(Data extracts)
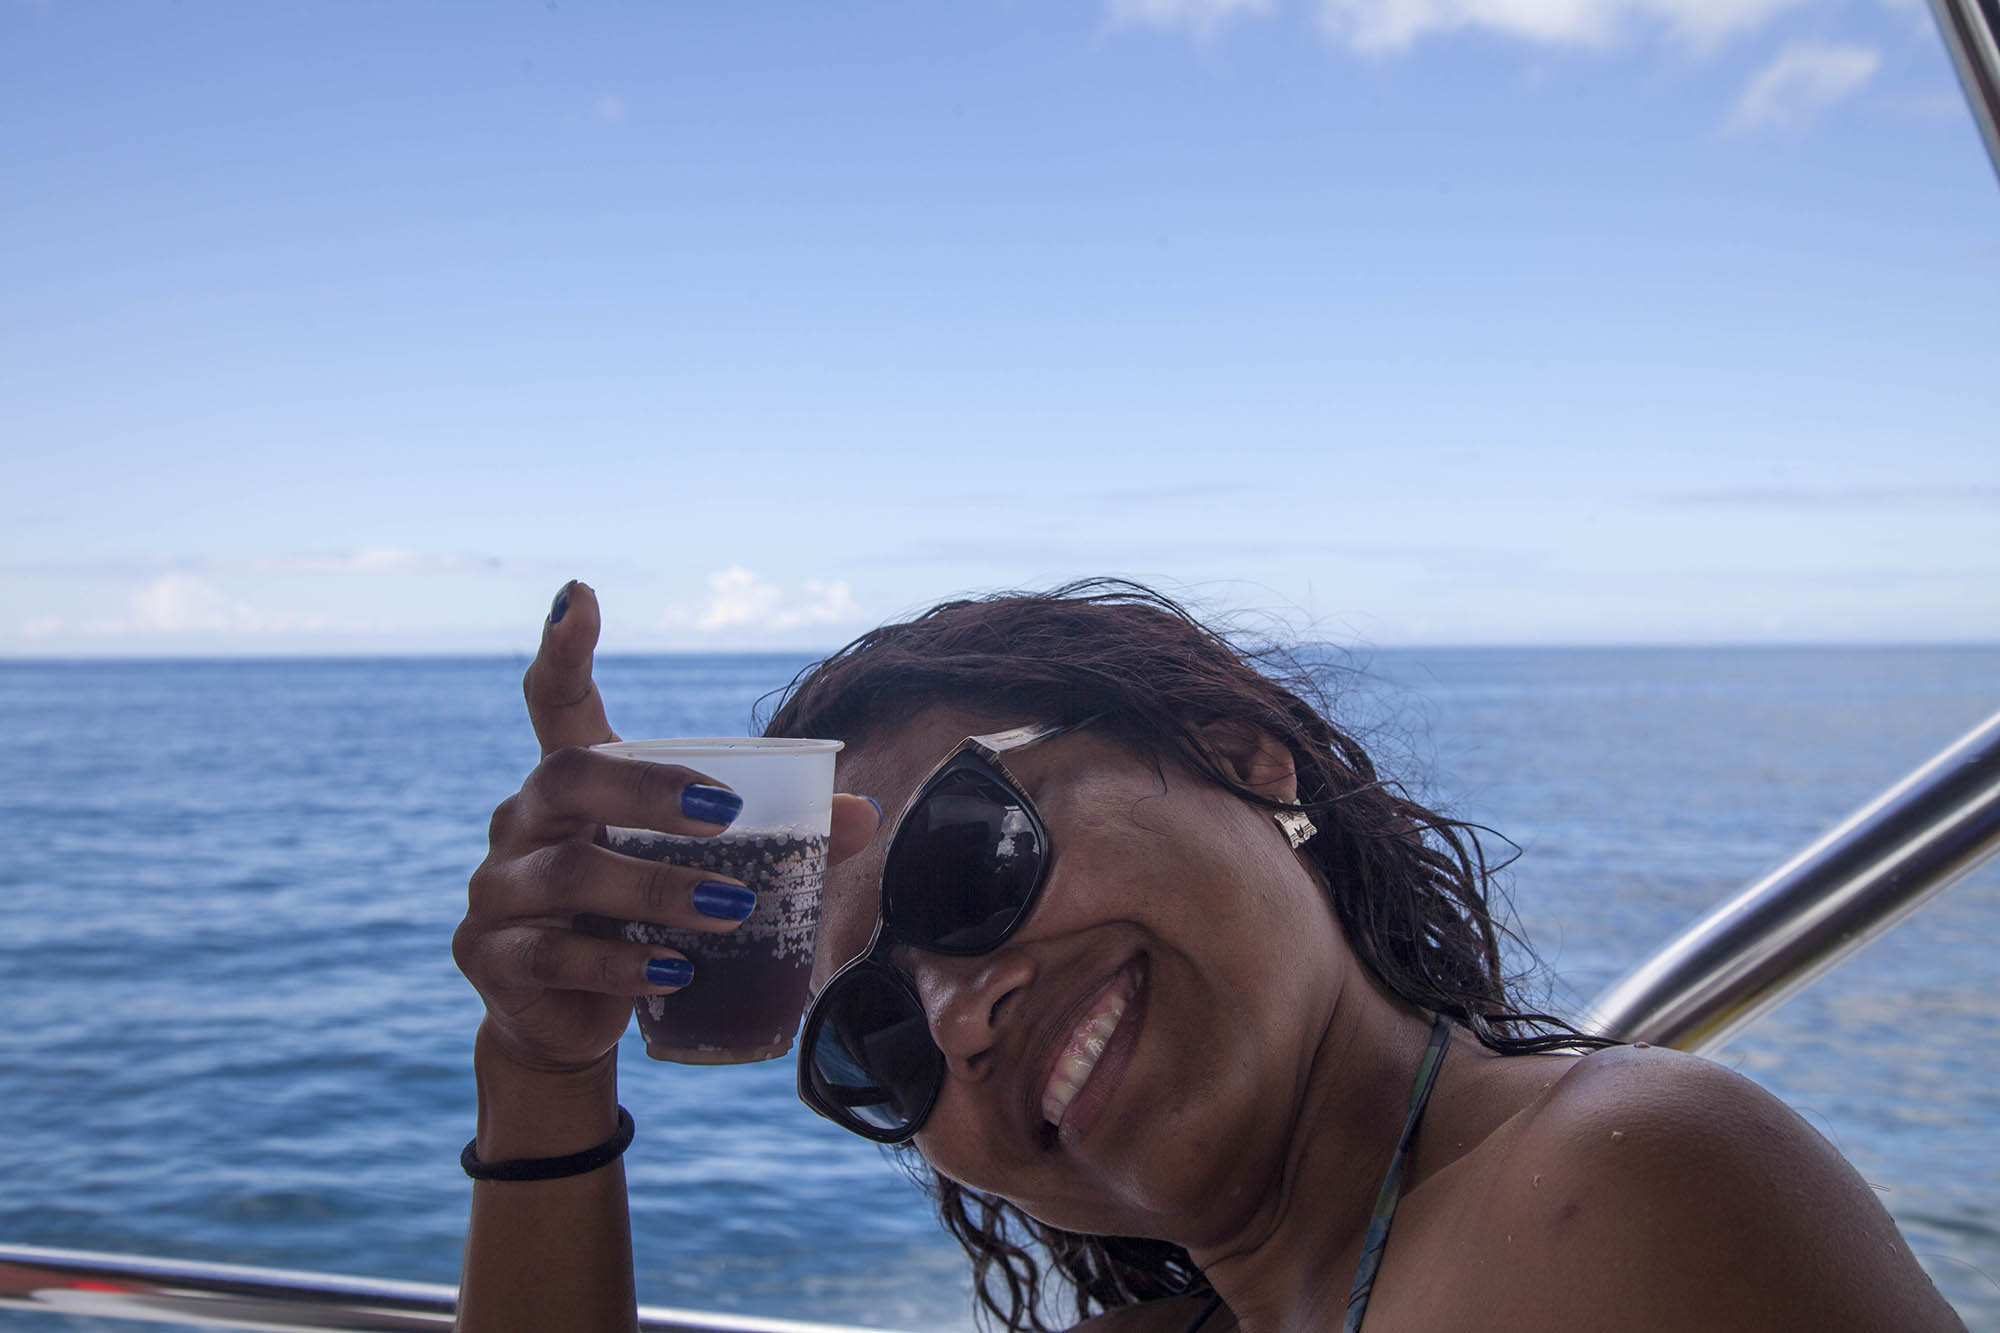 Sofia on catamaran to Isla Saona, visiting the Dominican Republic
(End Data extracts)
(Data extracts)
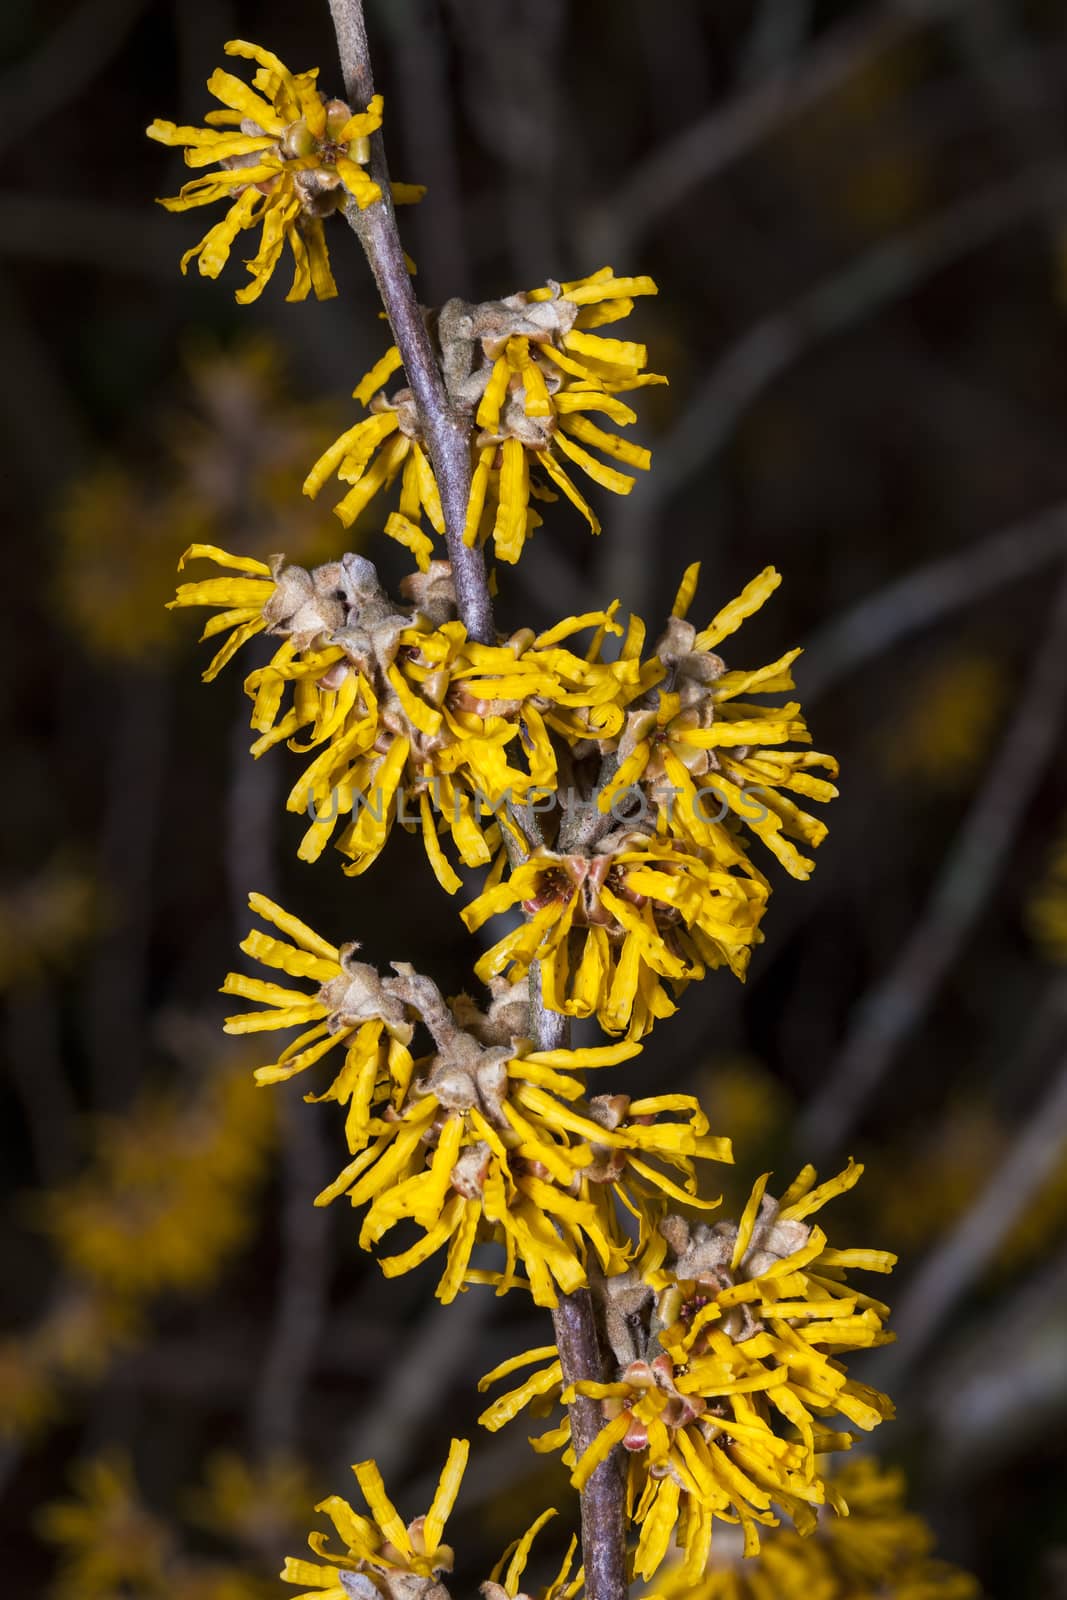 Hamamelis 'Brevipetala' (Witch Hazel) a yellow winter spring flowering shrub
(End Data extracts)
(Data extracts)
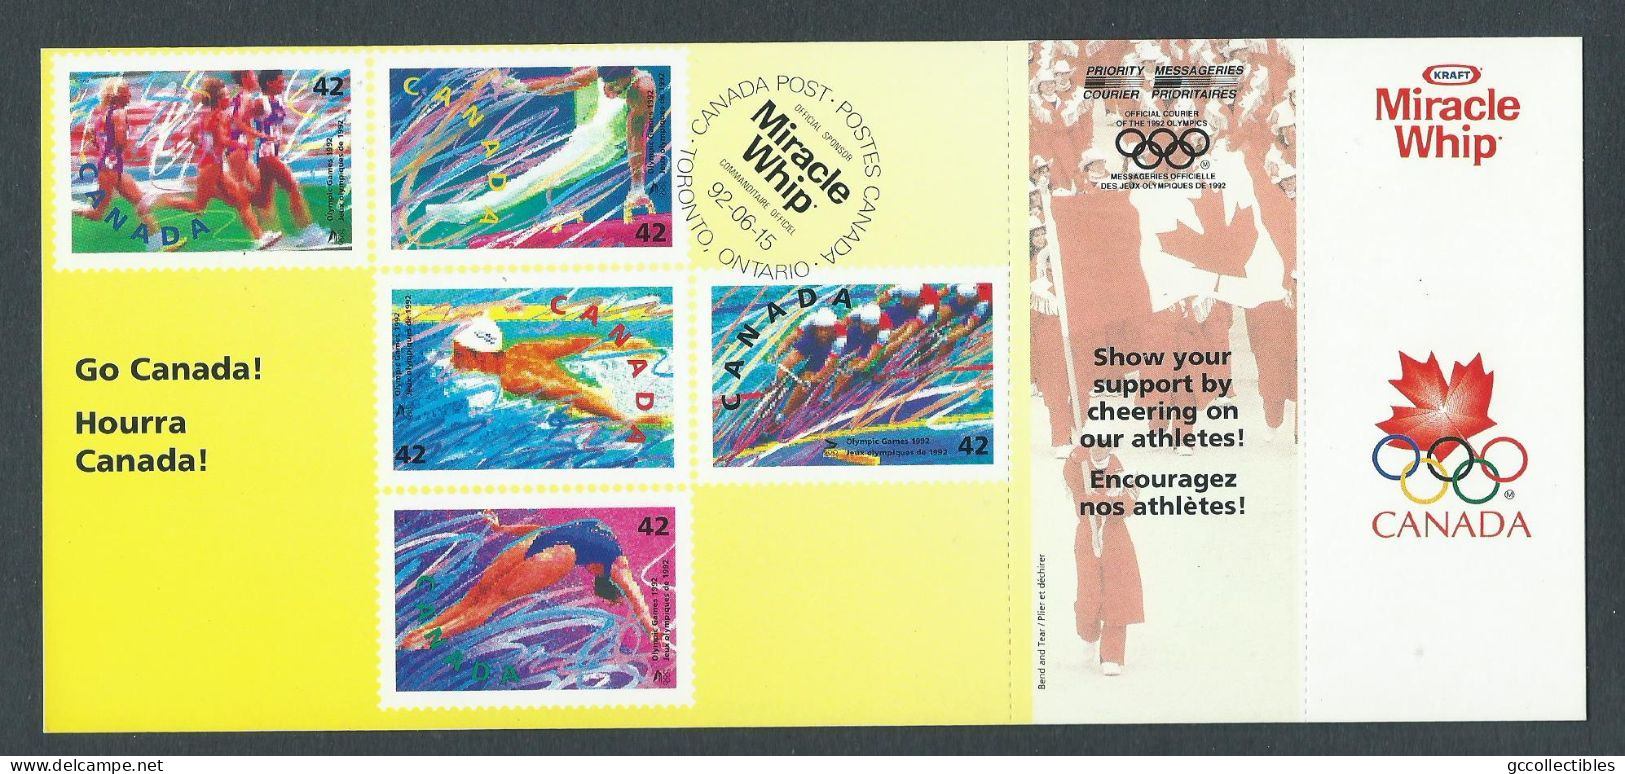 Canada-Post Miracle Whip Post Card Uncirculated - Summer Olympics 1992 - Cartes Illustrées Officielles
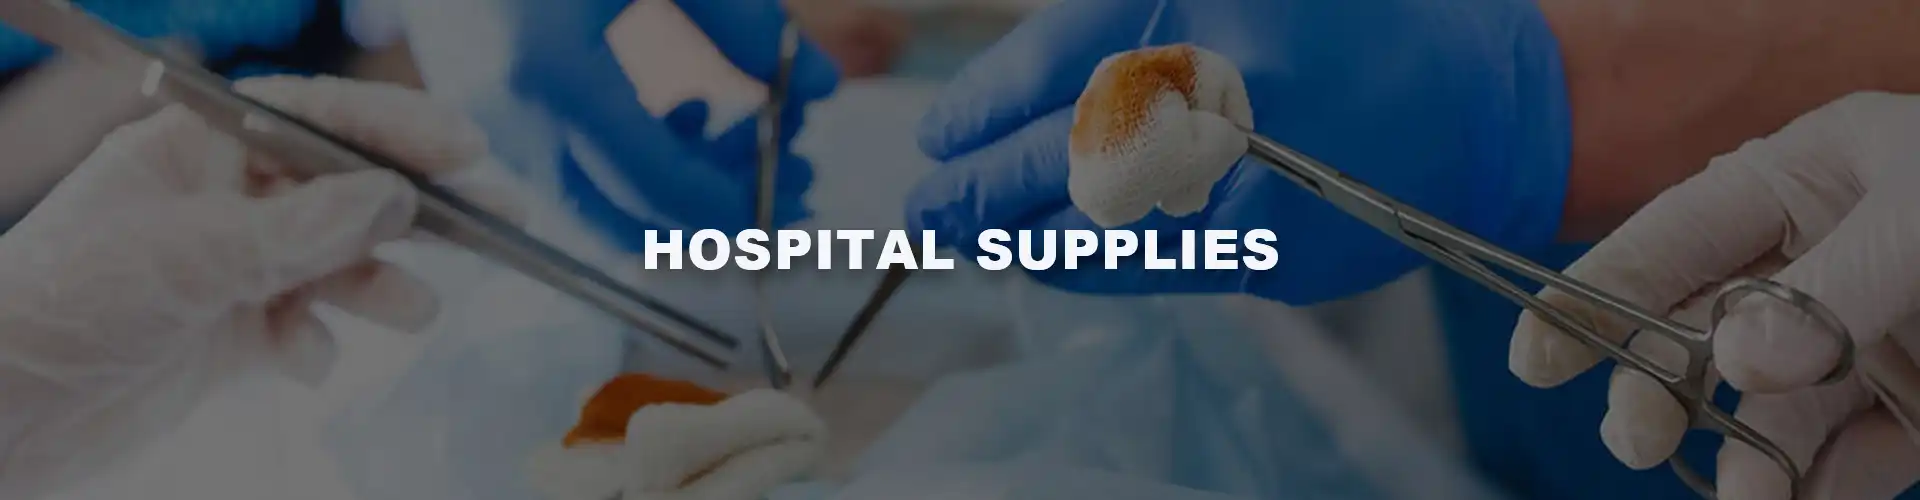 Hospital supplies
(End Data extracts)
(What the task requires):
Set the pictures aside and retype exactly the lines above from the line with "Canada-Post Miracle Whip" to the line with "Hospital supplies", both included, adding no others.

(Response area):
 Canada-Post Miracle Whip Post Card Uncirculated - Summer Olympics 1992 - Cartes Illustrées Officielles
 Hospital supplies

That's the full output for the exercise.